* _How to complete this task_
The following data has a line with "Musicien de rue, jouant" and a line with "Manteau cintré boutonné gris clair femme". Write out exactly those lines and all the lines between them.

*** Opening of Data for processing ***

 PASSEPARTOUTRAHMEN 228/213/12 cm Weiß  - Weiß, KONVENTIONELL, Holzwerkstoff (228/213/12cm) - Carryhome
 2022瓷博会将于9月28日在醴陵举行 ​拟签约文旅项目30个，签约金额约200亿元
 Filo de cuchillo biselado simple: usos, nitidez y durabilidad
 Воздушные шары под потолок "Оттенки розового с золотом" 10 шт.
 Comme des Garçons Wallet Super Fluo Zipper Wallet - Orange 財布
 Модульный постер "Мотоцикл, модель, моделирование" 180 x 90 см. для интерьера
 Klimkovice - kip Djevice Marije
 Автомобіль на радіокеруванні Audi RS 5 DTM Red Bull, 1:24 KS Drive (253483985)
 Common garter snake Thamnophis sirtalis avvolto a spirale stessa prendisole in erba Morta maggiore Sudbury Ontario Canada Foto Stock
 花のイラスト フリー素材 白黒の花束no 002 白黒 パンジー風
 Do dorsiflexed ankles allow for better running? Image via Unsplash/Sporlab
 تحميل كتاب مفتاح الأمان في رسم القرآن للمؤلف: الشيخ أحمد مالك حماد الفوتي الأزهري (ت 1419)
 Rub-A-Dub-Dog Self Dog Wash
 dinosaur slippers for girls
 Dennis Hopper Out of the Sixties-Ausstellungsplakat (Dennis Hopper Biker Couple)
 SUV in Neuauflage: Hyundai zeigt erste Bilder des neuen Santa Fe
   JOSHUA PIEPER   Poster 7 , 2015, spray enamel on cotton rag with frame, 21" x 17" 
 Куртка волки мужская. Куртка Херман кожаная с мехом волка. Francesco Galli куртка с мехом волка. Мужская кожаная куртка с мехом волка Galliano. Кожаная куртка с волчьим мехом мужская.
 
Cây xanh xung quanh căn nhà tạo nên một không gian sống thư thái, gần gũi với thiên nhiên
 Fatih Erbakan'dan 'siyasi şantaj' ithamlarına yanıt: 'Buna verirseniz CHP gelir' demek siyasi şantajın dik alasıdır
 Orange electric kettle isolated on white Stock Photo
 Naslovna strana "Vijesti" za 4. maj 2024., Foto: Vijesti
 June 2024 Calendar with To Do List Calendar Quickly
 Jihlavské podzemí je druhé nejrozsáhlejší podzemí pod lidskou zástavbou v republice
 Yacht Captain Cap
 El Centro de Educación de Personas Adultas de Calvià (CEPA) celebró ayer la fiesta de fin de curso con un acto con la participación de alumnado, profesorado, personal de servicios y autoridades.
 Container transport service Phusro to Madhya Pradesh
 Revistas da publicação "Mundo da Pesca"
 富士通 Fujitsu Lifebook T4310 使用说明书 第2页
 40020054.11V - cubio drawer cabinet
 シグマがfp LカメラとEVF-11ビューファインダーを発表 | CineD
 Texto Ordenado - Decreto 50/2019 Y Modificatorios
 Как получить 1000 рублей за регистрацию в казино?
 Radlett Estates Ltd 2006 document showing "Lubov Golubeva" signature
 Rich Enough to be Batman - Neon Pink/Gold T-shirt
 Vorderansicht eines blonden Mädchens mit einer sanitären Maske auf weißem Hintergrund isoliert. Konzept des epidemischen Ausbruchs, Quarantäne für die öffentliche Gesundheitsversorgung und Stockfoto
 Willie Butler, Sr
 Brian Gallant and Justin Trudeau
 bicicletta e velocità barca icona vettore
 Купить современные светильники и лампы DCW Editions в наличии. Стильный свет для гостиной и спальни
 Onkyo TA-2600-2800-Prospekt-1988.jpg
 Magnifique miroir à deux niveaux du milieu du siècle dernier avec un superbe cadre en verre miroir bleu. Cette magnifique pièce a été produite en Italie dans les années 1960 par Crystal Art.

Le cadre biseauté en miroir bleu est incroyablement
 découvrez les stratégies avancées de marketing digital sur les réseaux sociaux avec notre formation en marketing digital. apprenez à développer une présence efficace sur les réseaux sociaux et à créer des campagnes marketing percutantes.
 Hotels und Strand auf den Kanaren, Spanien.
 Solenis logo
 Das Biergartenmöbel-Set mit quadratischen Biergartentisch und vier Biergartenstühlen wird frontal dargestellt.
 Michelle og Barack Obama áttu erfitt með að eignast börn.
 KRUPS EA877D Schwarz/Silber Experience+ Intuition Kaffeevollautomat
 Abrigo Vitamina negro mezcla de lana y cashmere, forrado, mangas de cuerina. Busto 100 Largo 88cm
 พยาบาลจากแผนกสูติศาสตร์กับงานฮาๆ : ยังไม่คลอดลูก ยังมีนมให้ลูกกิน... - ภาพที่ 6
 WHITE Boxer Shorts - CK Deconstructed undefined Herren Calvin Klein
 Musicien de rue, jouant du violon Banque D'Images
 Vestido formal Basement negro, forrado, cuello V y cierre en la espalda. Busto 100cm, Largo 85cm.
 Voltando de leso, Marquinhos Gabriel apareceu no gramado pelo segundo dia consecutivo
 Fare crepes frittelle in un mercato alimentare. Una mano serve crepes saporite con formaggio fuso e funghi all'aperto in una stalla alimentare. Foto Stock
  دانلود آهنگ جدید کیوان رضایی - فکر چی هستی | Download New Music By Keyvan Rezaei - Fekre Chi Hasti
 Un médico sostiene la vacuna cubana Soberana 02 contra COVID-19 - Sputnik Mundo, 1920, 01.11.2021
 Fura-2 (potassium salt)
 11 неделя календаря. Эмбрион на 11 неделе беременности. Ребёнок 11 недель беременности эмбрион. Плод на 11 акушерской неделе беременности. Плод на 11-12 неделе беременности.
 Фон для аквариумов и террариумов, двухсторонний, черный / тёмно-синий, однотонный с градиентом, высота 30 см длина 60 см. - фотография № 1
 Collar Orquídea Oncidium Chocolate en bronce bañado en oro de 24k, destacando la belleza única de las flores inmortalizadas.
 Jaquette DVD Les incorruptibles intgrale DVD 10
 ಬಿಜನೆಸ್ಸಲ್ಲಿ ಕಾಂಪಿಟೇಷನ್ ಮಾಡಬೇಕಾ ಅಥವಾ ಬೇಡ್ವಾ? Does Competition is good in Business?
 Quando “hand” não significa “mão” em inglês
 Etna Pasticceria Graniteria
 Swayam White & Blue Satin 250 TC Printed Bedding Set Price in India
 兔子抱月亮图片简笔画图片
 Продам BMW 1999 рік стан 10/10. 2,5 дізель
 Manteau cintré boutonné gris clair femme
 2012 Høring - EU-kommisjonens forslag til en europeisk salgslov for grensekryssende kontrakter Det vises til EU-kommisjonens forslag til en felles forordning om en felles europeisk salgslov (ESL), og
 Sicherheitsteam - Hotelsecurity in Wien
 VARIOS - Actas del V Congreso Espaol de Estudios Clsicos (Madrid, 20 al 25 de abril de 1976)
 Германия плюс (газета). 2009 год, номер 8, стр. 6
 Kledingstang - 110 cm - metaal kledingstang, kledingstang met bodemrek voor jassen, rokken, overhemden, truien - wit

*** Close of Data for processing ***

* _Completed task_
 Musicien de rue, jouant du violon Banque D'Images
 Vestido formal Basement negro, forrado, cuello V y cierre en la espalda. Busto 100cm, Largo 85cm.
 Voltando de leso, Marquinhos Gabriel apareceu no gramado pelo segundo dia consecutivo
 Fare crepes frittelle in un mercato alimentare. Una mano serve crepes saporite con formaggio fuso e funghi all'aperto in una stalla alimentare. Foto Stock
  دانلود آهنگ جدید کیوان رضایی - فکر چی هستی | Download New Music By Keyvan Rezaei - Fekre Chi Hasti
 Un médico sostiene la vacuna cubana Soberana 02 contra COVID-19 - Sputnik Mundo, 1920, 01.11.2021
 Fura-2 (potassium salt)
 11 неделя календаря. Эмбрион на 11 неделе беременности. Ребёнок 11 недель беременности эмбрион. Плод на 11 акушерской неделе беременности. Плод на 11-12 неделе беременности.
 Фон для аквариумов и террариумов, двухсторонний, черный / тёмно-синий, однотонный с градиентом, высота 30 см длина 60 см. - фотография № 1
 Collar Orquídea Oncidium Chocolate en bronce bañado en oro de 24k, destacando la belleza única de las flores inmortalizadas.
 Jaquette DVD Les incorruptibles intgrale DVD 10
 ಬಿಜನೆಸ್ಸಲ್ಲಿ ಕಾಂಪಿಟೇಷನ್ ಮಾಡಬೇಕಾ ಅಥವಾ ಬೇಡ್ವಾ? Does Competition is good in Business?
 Quando “hand” não significa “mão” em inglês
 Etna Pasticceria Graniteria
 Swayam White & Blue Satin 250 TC Printed Bedding Set Price in India
 兔子抱月亮图片简笔画图片
 Продам BMW 1999 рік стан 10/10. 2,5 дізель
 Manteau cintré boutonné gris clair femme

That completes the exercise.